Step	Hyp	Ref	Expression
1		n0i 4292	. 2 ⊢ (𝑋 ∈ 𝑄 → ¬ 𝑄 = ∅)
2		pf1rcl.q	. . . 4 ⊢ 𝑄 = ran (eval1‘𝑅)
3		eqid 2762	. . . . . 6 ⊢ (eval1‘𝑅) = (eval1‘𝑅)
4		eqid 2762	. . . . . 6 ⊢ (1o eval 𝑅) = (1o eval 𝑅)
5		eqid 2762	. . . . . 6 ⊢ (Base‘𝑅) = (Base‘𝑅)
6	3, 4, 5	evl1fval 22391	. . . . 5 ⊢ (eval1‘𝑅) = ((𝑥 ∈ ((Base‘𝑅) ↑m ((Base‘𝑅) ↑m 1o)) ↦ (𝑥 ∘ (𝑦 ∈ (Base‘𝑅) ↦ (1o × {𝑦})))) ∘ (1o eval 𝑅))
7	6	rneqi 5913	. . . 4 ⊢ ran (eval1‘𝑅) = ran ((𝑥 ∈ ((Base‘𝑅) ↑m ((Base‘𝑅) ↑m 1o)) ↦ (𝑥 ∘ (𝑦 ∈ (Base‘𝑅) ↦ (1o × {𝑦})))) ∘ (1o eval 𝑅))
8		rnco2 6241	. . . 4 ⊢ ran ((𝑥 ∈ ((Base‘𝑅) ↑m ((Base‘𝑅) ↑m 1o)) ↦ (𝑥 ∘ (𝑦 ∈ (Base‘𝑅) ↦ (1o × {𝑦})))) ∘ (1o eval 𝑅)) = ((𝑥 ∈ ((Base‘𝑅) ↑m ((Base‘𝑅) ↑m 1o)) ↦ (𝑥 ∘ (𝑦 ∈ (Base‘𝑅) ↦ (1o × {𝑦})))) “ ran (1o eval 𝑅))
9	2, 7, 8	3eqtri 2789	. . 3 ⊢ 𝑄 = ((𝑥 ∈ ((Base‘𝑅) ↑m ((Base‘𝑅) ↑m 1o)) ↦ (𝑥 ∘ (𝑦 ∈ (Base‘𝑅) ↦ (1o × {𝑦})))) “ ran (1o eval 𝑅))
10		inss2 4189	. . . . 5 ⊢ (dom (𝑥 ∈ ((Base‘𝑅) ↑m ((Base‘𝑅) ↑m 1o)) ↦ (𝑥 ∘ (𝑦 ∈ (Base‘𝑅) ↦ (1o × {𝑦})))) ∩ ran (1o eval 𝑅)) ⊆ ran (1o eval 𝑅)
11		neq0 4304	. . . . . . 7 ⊢ (¬ ran (1o eval 𝑅) = ∅ ↔ ∃𝑥 𝑥 ∈ ran (1o eval 𝑅))

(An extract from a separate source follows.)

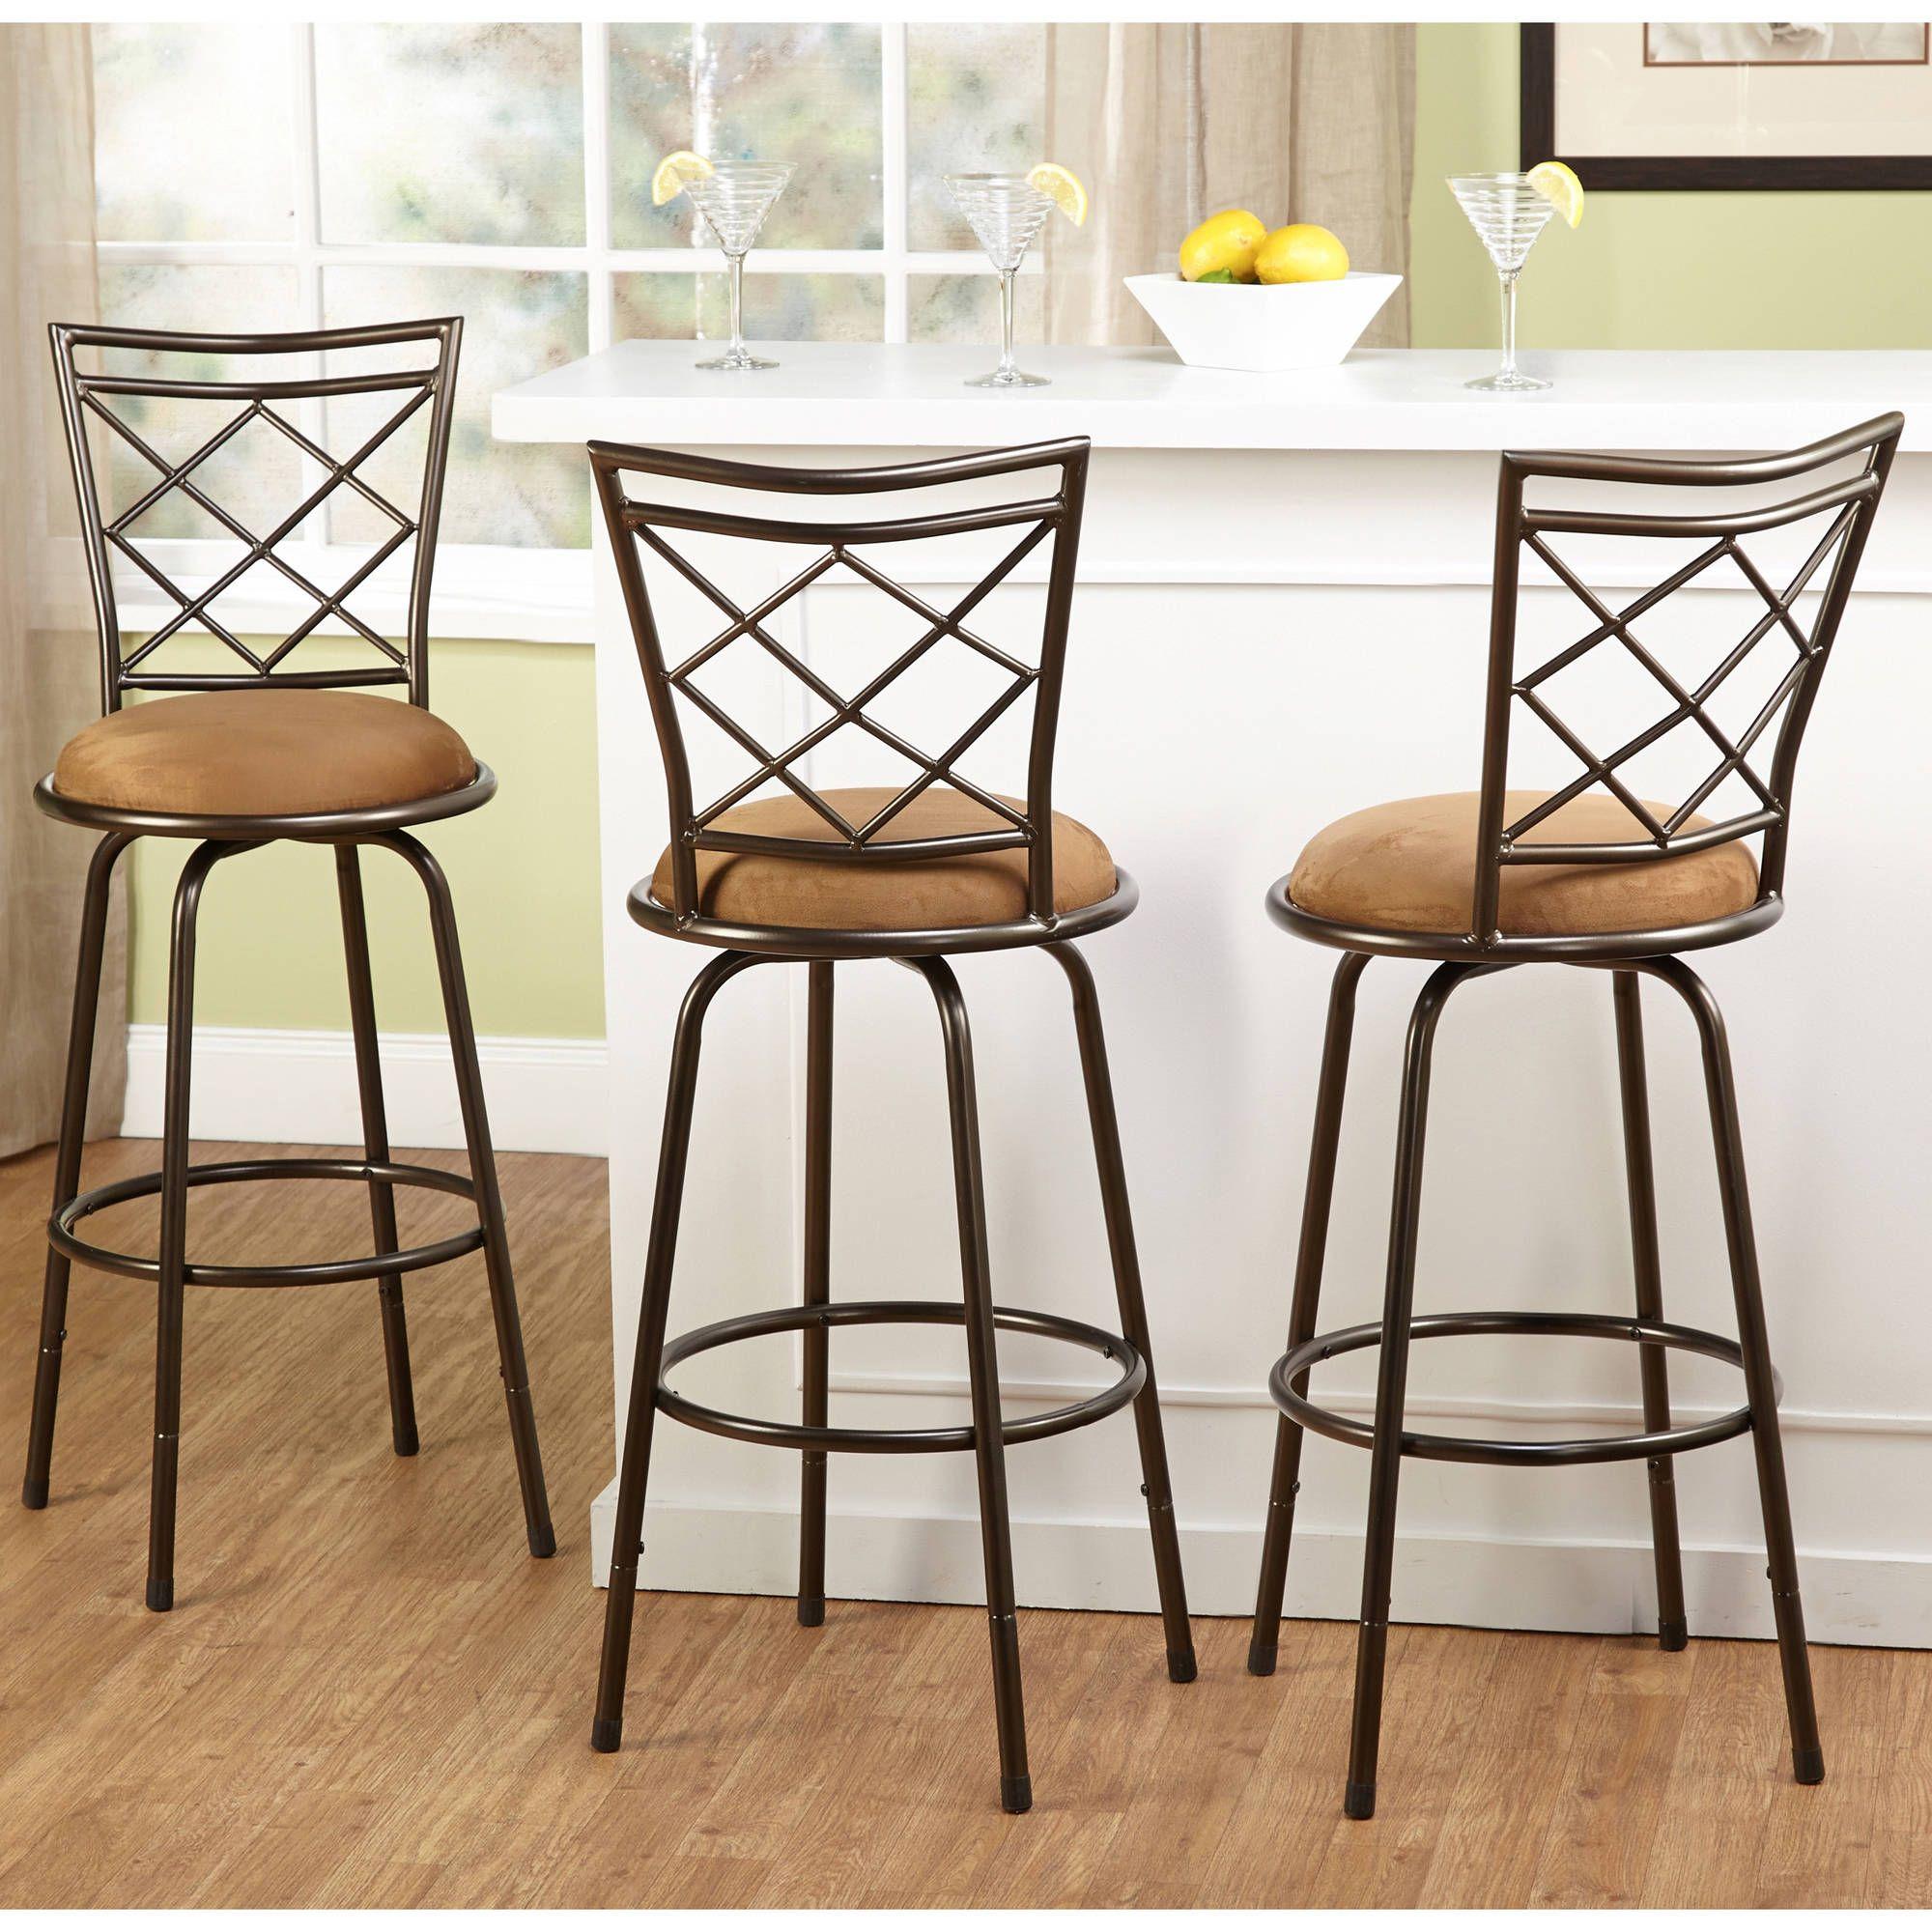 Stuhl Bar Hocker | Stühle | Pinterest | Stuhl, Hocker und Bar

12	4, 5	evlval 22153	. . . . . . . . . . 11 ⊢ (1o eval 𝑅) = ((1o evalSub 𝑅)‘(Base‘𝑅))
13	12	rneqi 5913	. . . . . . . . . 10 ⊢ ran (1o eval 𝑅) = ran ((1o evalSub 𝑅)‘(Base‘𝑅))
14	13	mpfrcl 22138	. . . . . . . . 9 ⊢ (𝑥 ∈ ran (1o eval 𝑅) → (1o ∈ V ∧ 𝑅 ∈ CRing ∧ (Base‘𝑅) ∈ (SubRing‘𝑅)))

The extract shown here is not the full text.